4.3. Preprocessing data — scikit-learn 0.20.2 documentation

  • https://scikit-learn.org/stable/modules/preprocessing.html#preprocessing
  • 4.3.1.1. Scaling features to a range
    • https://scikit-learn.org/stable/modules/preprocessing.html#scaling-features-to-a-range
    • An alternative standardization is scaling features to lie between a given minimum and maximum value, often between zero and one, or so that the maximum absolute value of each feature is scaled to unit size. This can be achieved using  or , respectively.
    • sklearn.preprocessing.MinMaxScaler — scikit-learn 0.20.3 documentation
      • https://scikit-learn.org/stable/modules/generated/sklearn.preprocessing.MinMaxScaler.html#sklearn-preprocessing-minmaxscaler
      • class sklearn.preprocessing.MinMaxScaler(feature_range=(0, 1), copy=True)
      • Transforms features by scaling each feature to a given range.
      • This estimator scales and translates each feature individually such that it is in the given range on the training set, e.g. between zero and one.

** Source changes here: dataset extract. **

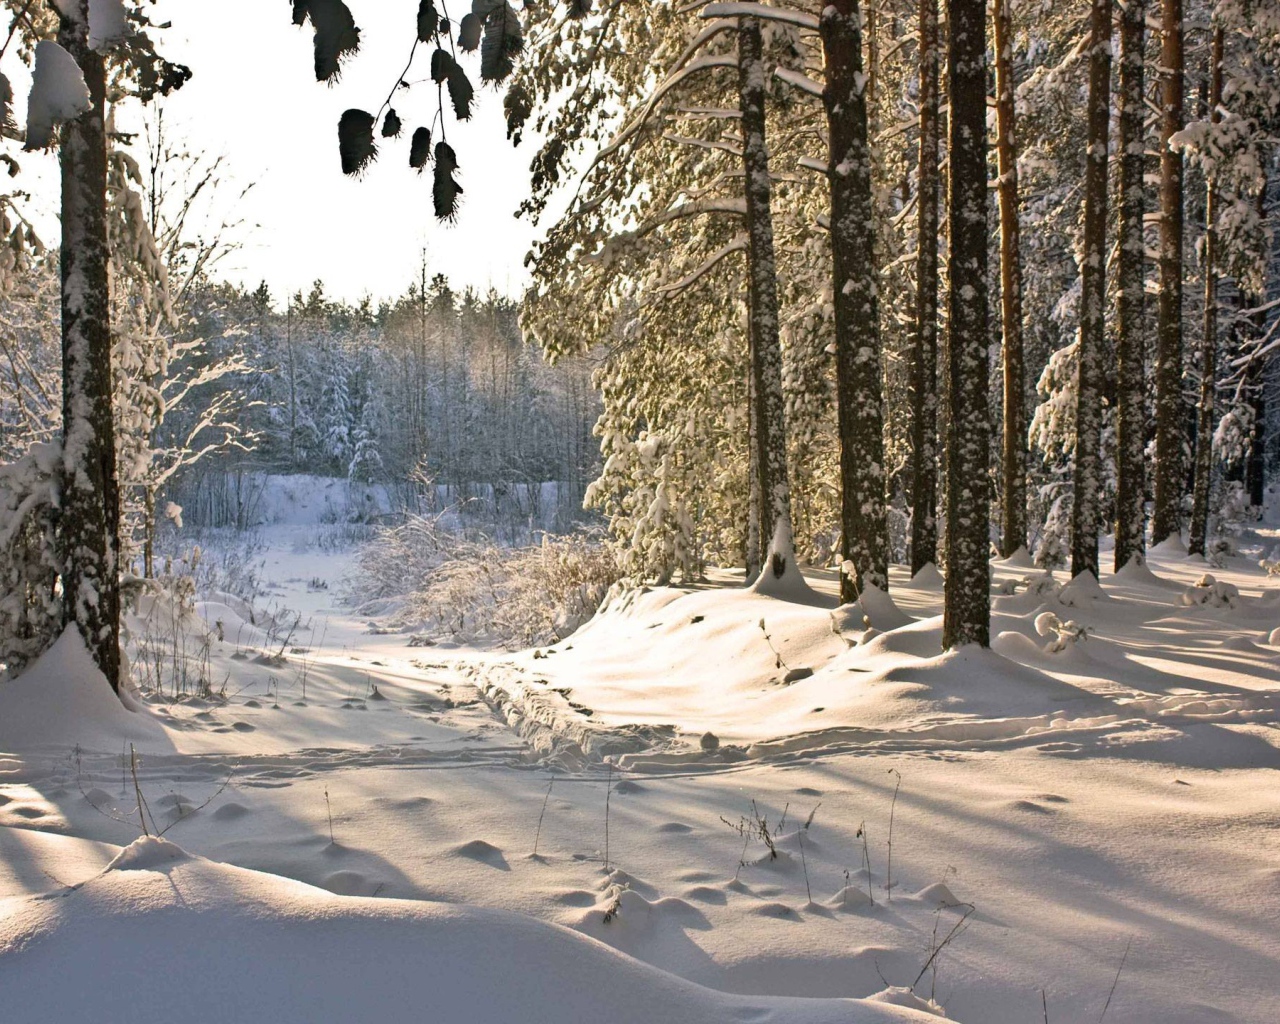 Зимний день в лесу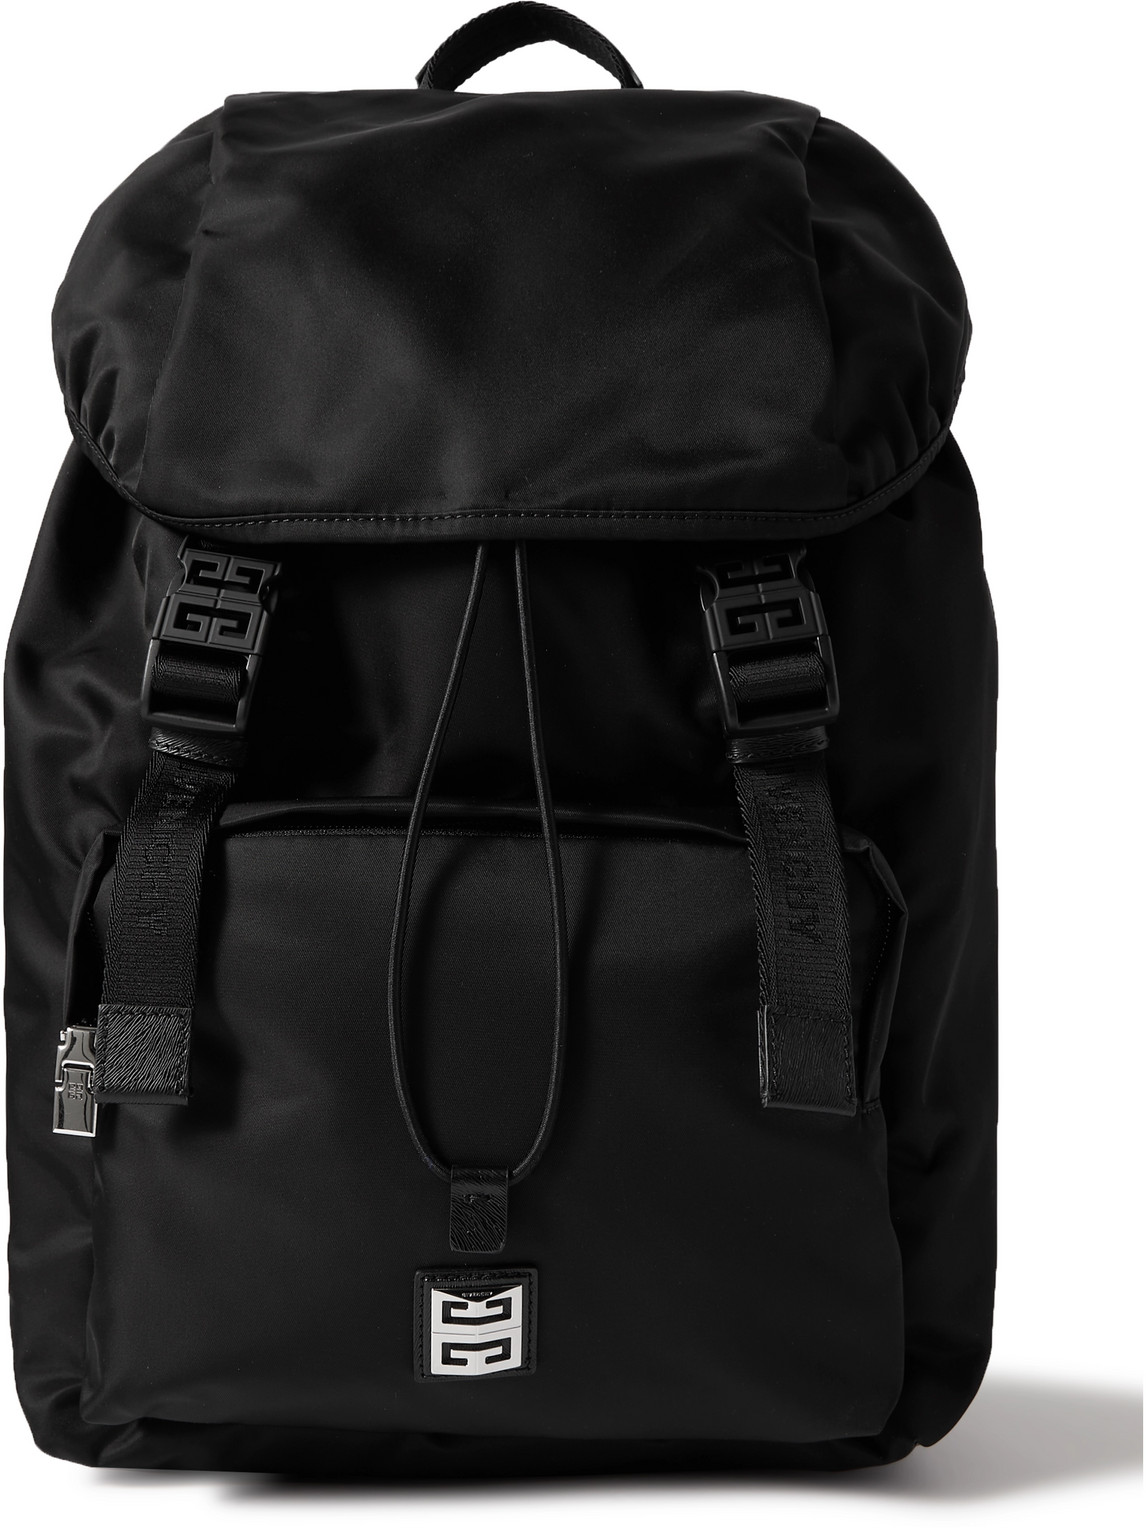 4G Light Leather-Trimmed Nylon Backpack

4.4. Imputation of missing values — scikit-learn 0.20.2 documentation

  • https://scikit-learn.org/stable/modules/impute.html
  • sklearn.impute.SimpleImputer — scikit-learn 0.20.2 documentation
    • https://scikit-learn.org/stable/modules/generated/sklearn.impute.SimpleImputer.html#sklearn-impute-simpleimputer
    • class sklearn.impute.SimpleImputer(missing_values=nanstrategy=’mean’fill_value=Noneverbose=0copy=True)
    • Imputation transformer for completing missing values. 

How to fix ValueError: need more than 1 value to unpack when call tn, fp, fn, tp = confusion_matrix(y_actual, y_predict).ravel() ?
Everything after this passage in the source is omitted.